A steady and significant trend for increasing the share of renewable energy in the European electricity mix due to the fulfilment of the climate targets can be recognized. Especially the areas of wind power and photovoltaic report an enormous growth. Thus, the introduction and further development of innovative and sustainable energy storage systems to benefit the establishment of flexible and smart grids is the key for the expansion of volatile renewable energies. Due to the use of storage technologies the purchased quantity of electricity from the grid as well as the power supply can be reduced. Another important factor is the declining feed-in tariff in comparison to the rising power purchase prices. Currently the only economically acceptable and mature technologies for small-scale storage systems are lead-acid and li-Ion batteries. At the current price situation in this segment profitability for long-term electricity storage is not reached. A promising storage technology, which could be applied to realize short- and middle-term storages within the range of 5 kWh to 50 kWh is a low-cost flywheel storage system (LCFS). This technology combines a robust and well-tried physical principle with low-cost materials and machine elements corresponding to the state of the art as well as innovative design approaches based on excellent technical know-how of the scientific project partners. Some system components such as electric motor-generator, vacuum technique or ceramic bearings are already available on the market. Therefore, they are economic and approved.
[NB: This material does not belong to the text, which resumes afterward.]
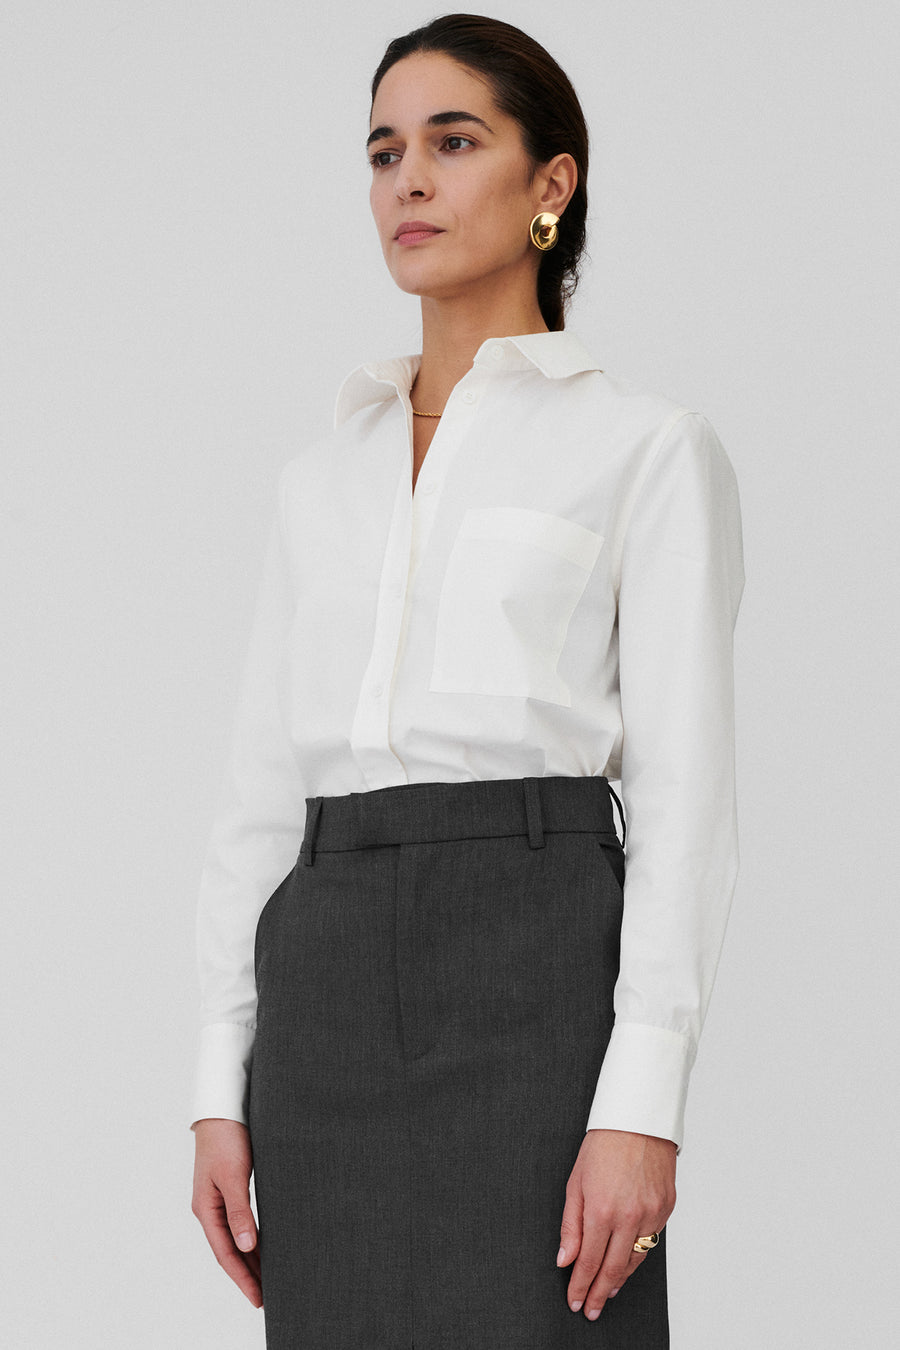 Koszula z bawełny organicznej / 12 / 06 / cream white *spodnica-z-welna-07-04-granite-grey* ?Modelka ma 176cm wzrostu i nosi rozmiar S?

The proposal aims to generate the necessary data basis and knowledge for the implementation of a pilot facility in a following R&D project and determine further development requirements. Based on the project idea a draft of a base system is designed, which is then subjected to a thorough system analysis. Subsequently an analytic pre-dimensioning should be done and a simulation model of the whole LCFS-system and its components be derived. Mathworks program Matlab/Simulink is considered as a suitable simulation environment for this purpose. In addition, the analytical pre-dimensioning includes Finite-Element-Methods (FEM) and analytical calculation methods for dimensioning the mechanical engineering core components such as rotor, bearing or casing. Based on the knowledge gained, the properties, characteristics, weaknesses and development needs of the technology are revealed to finally identify the compilation of the storage system and possible exemplary applications. It is also planned to test changes within the components due to their effectivity by changing parameter (with the help of the simulation and pre-dimensioning) as well as to identify the weak spots of the system. This strategy ensures a cost effective and efficient project accomplishment.